+++ DATA EXCERPTS

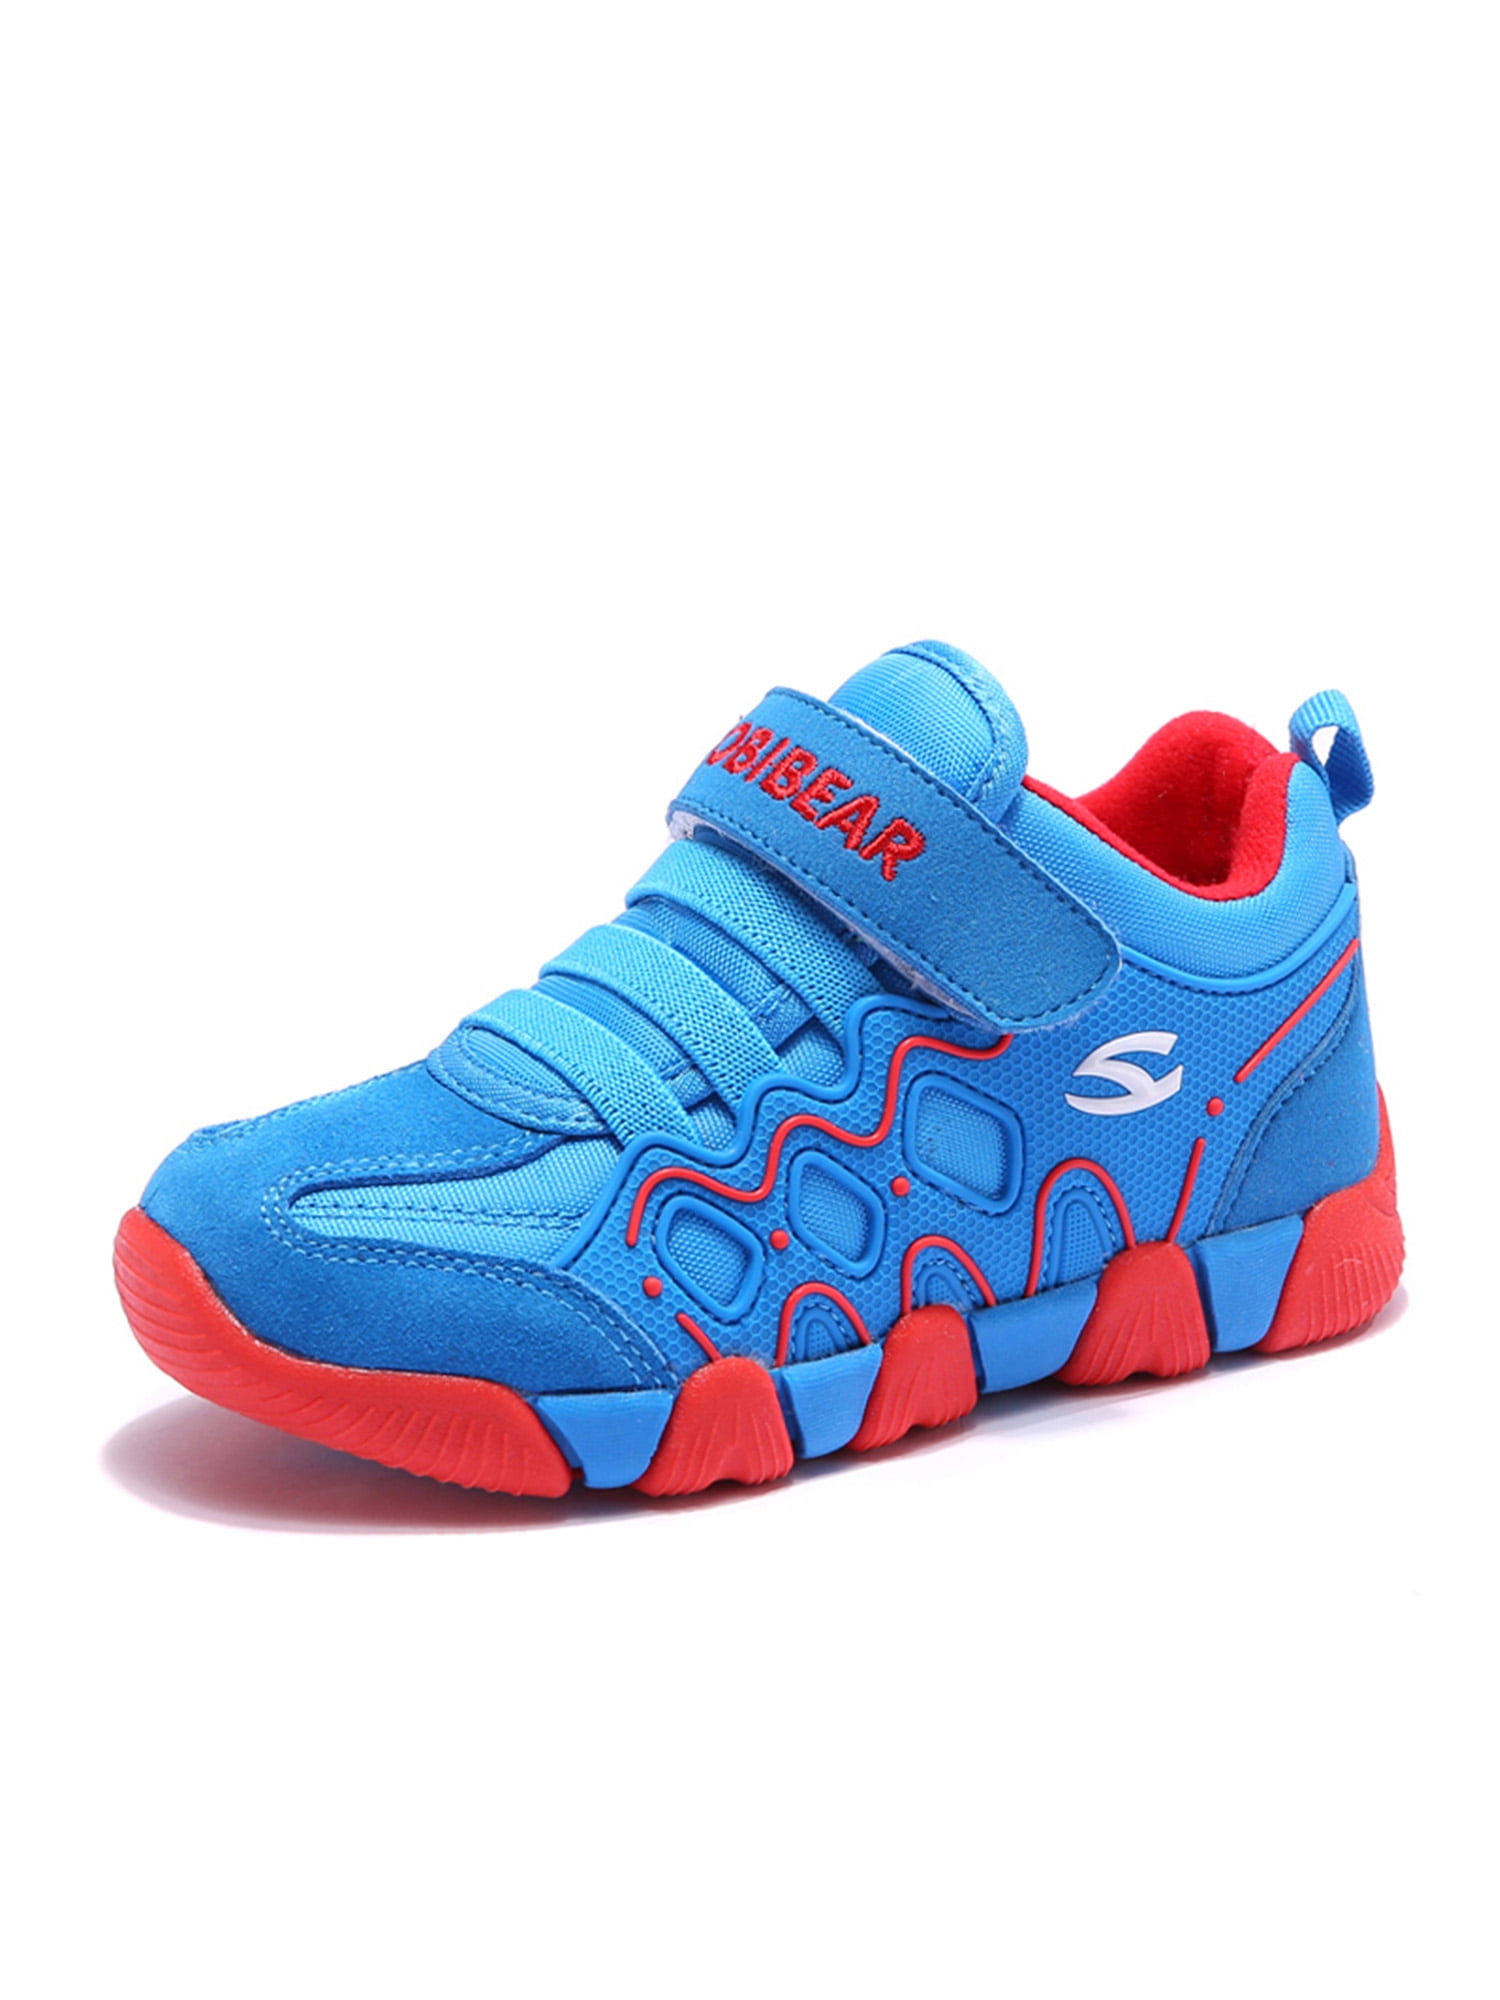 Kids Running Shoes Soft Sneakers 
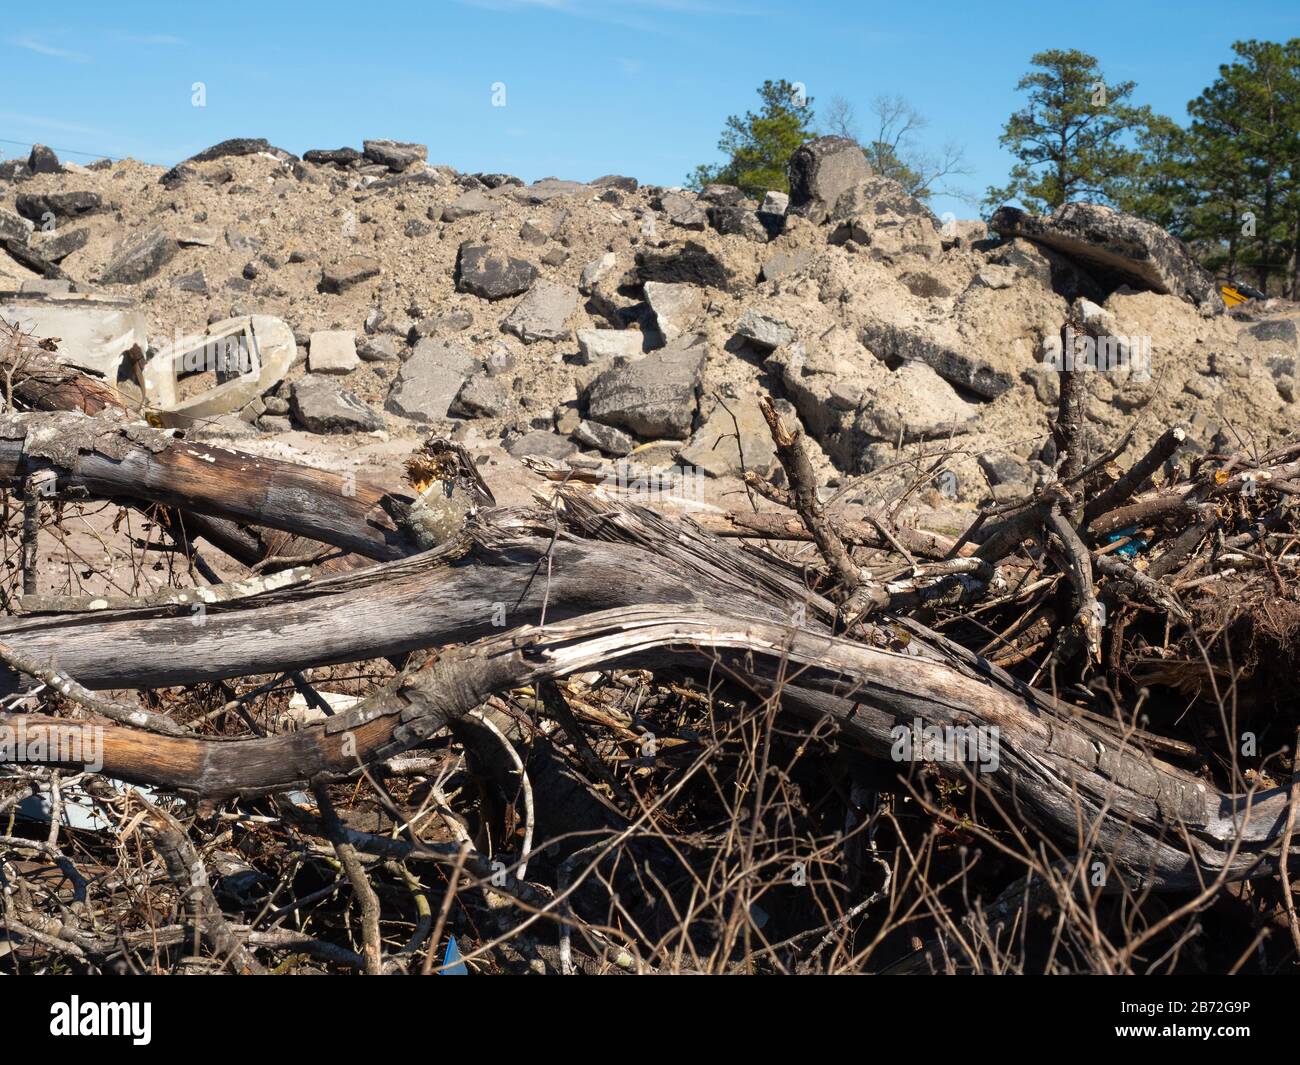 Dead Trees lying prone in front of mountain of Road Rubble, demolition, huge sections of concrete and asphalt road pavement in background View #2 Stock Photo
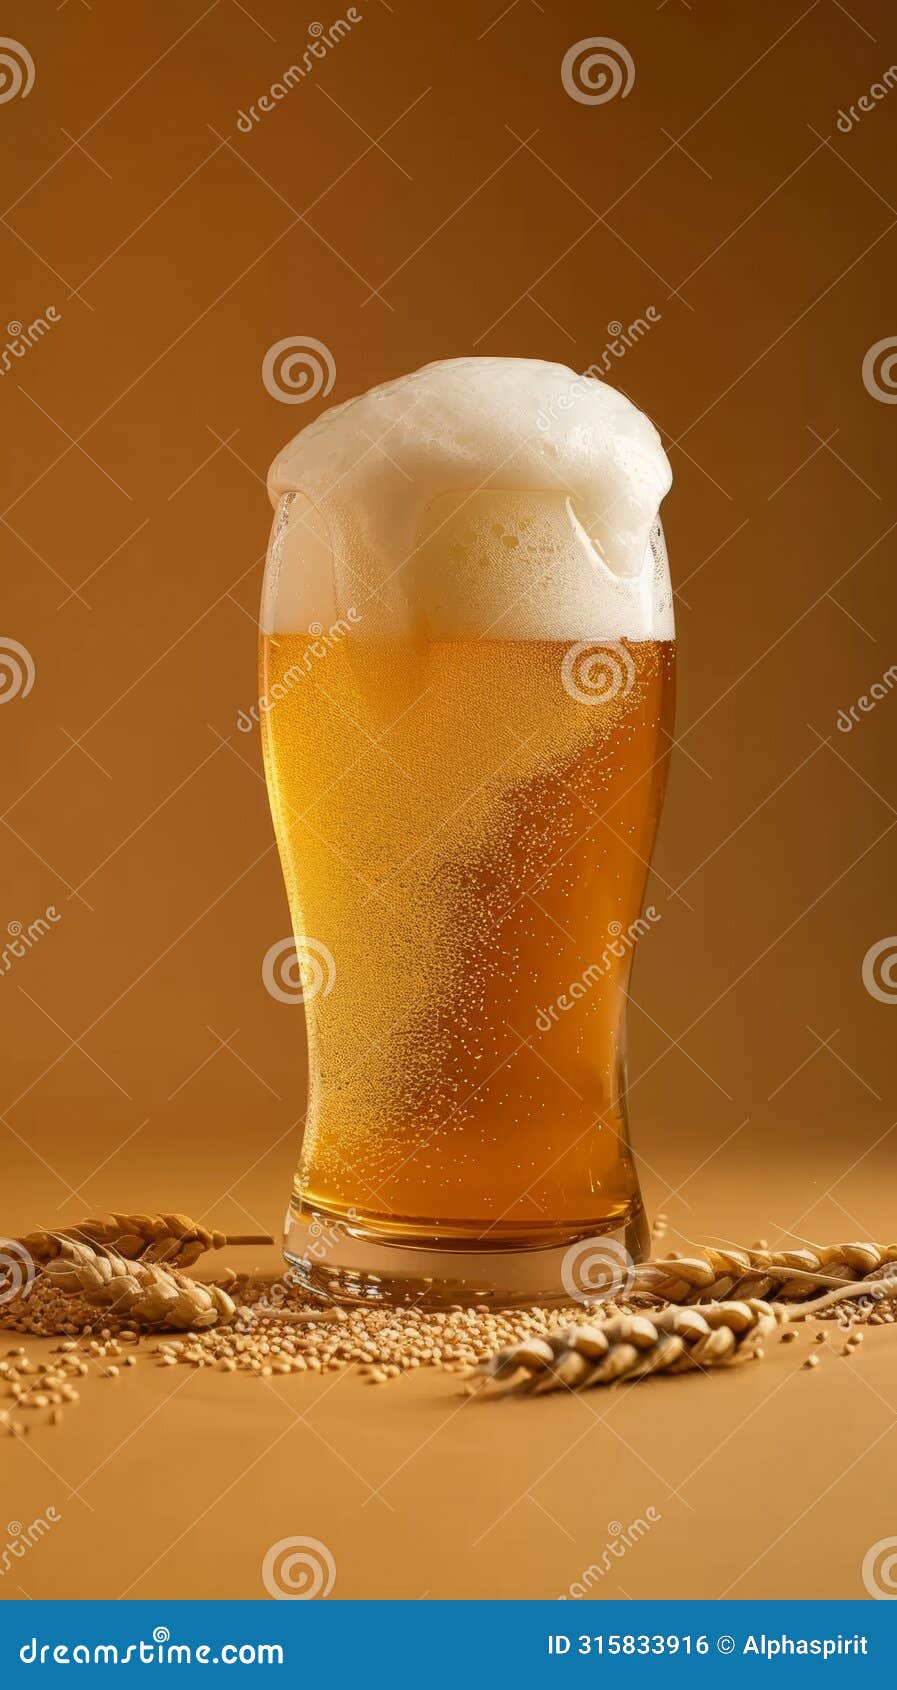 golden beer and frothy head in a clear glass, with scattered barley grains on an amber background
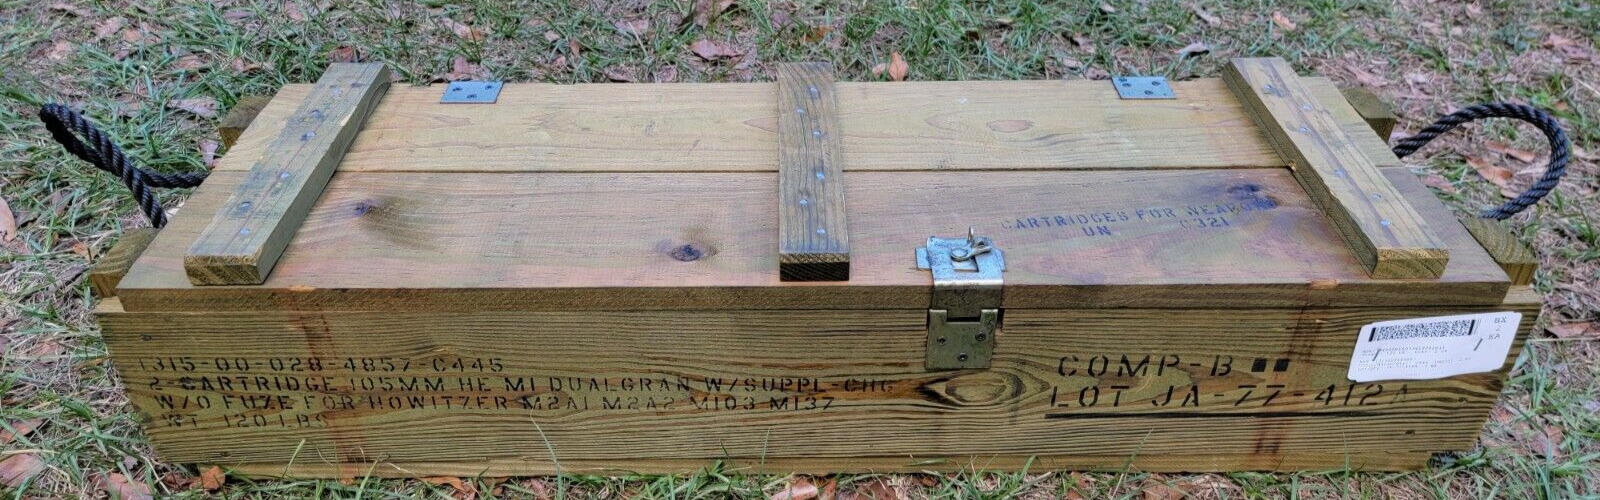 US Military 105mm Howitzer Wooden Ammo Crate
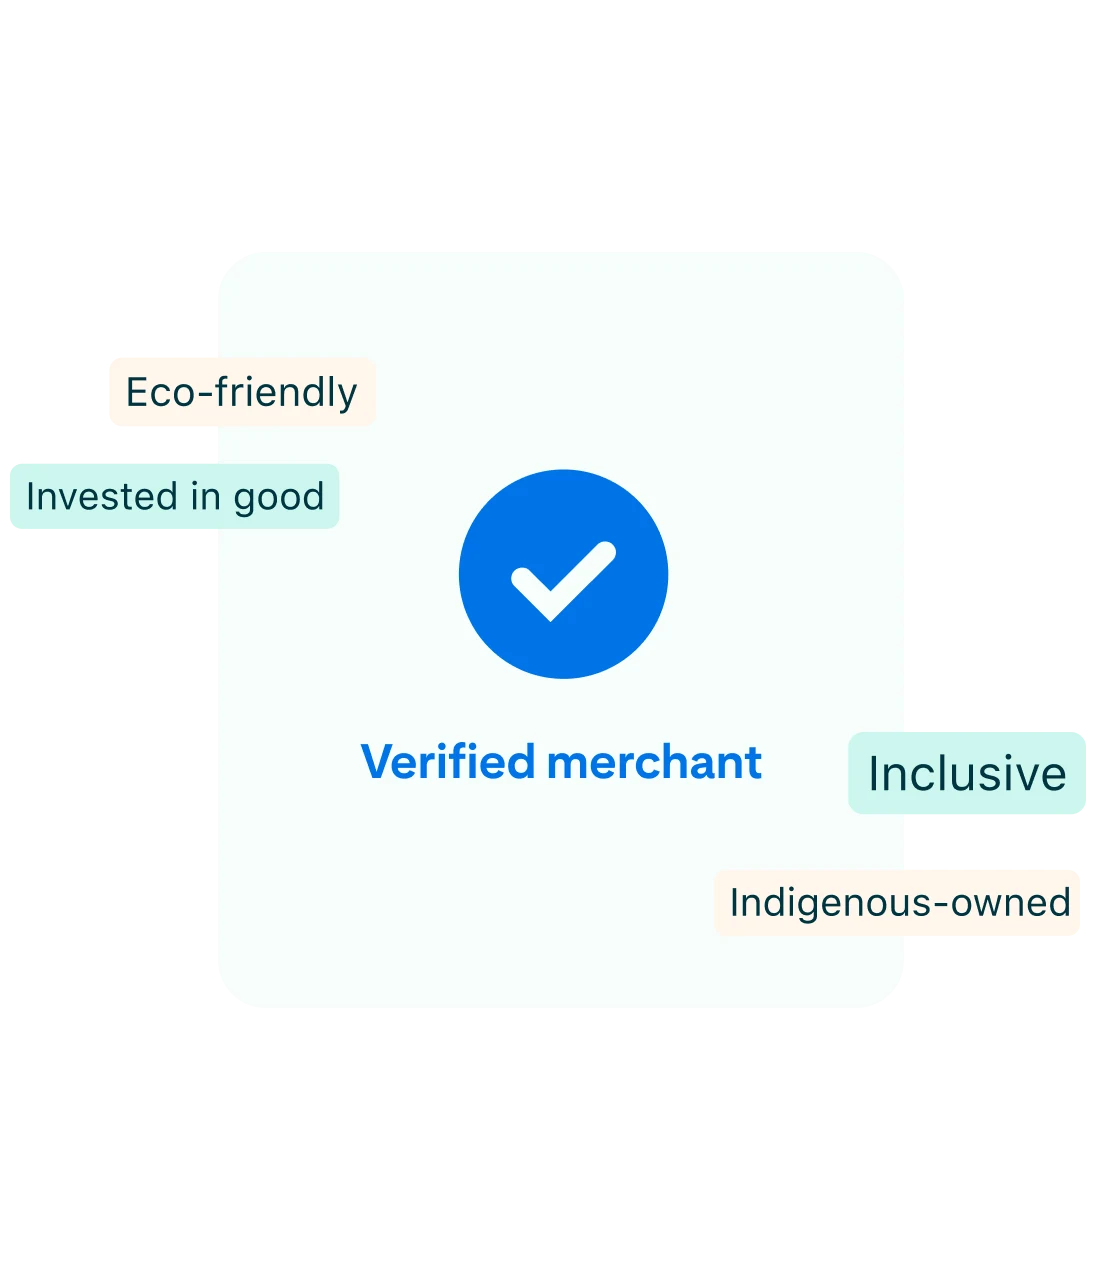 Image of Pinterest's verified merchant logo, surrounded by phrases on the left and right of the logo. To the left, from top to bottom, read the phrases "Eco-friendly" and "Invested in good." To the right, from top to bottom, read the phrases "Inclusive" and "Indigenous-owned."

++++++

- [TASK PROMPT]
Please transcribe exactly the line containing "Dead Trees lying" and every later line through the end of the records above, omitting pictures.

- [RESULT OF THIS TASK]
 Dead Trees lying prone in front of mountain of Road Rubble, demolition, huge sections of concrete and asphalt road pavement in background View #2 Stock Photo
 golden beer and frothy head in a clear glass, with scattered barley grains on an amber background
 US Military 105mm Howitzer Wooden Ammo Crate
 Image of Pinterest's verified merchant logo, surrounded by phrases on the left and right of the logo. To the left, from top to bottom, read the phrases "Eco-friendly" and "Invested in good." To the right, from top to bottom, read the phrases "Inclusive" and "Indigenous-owned."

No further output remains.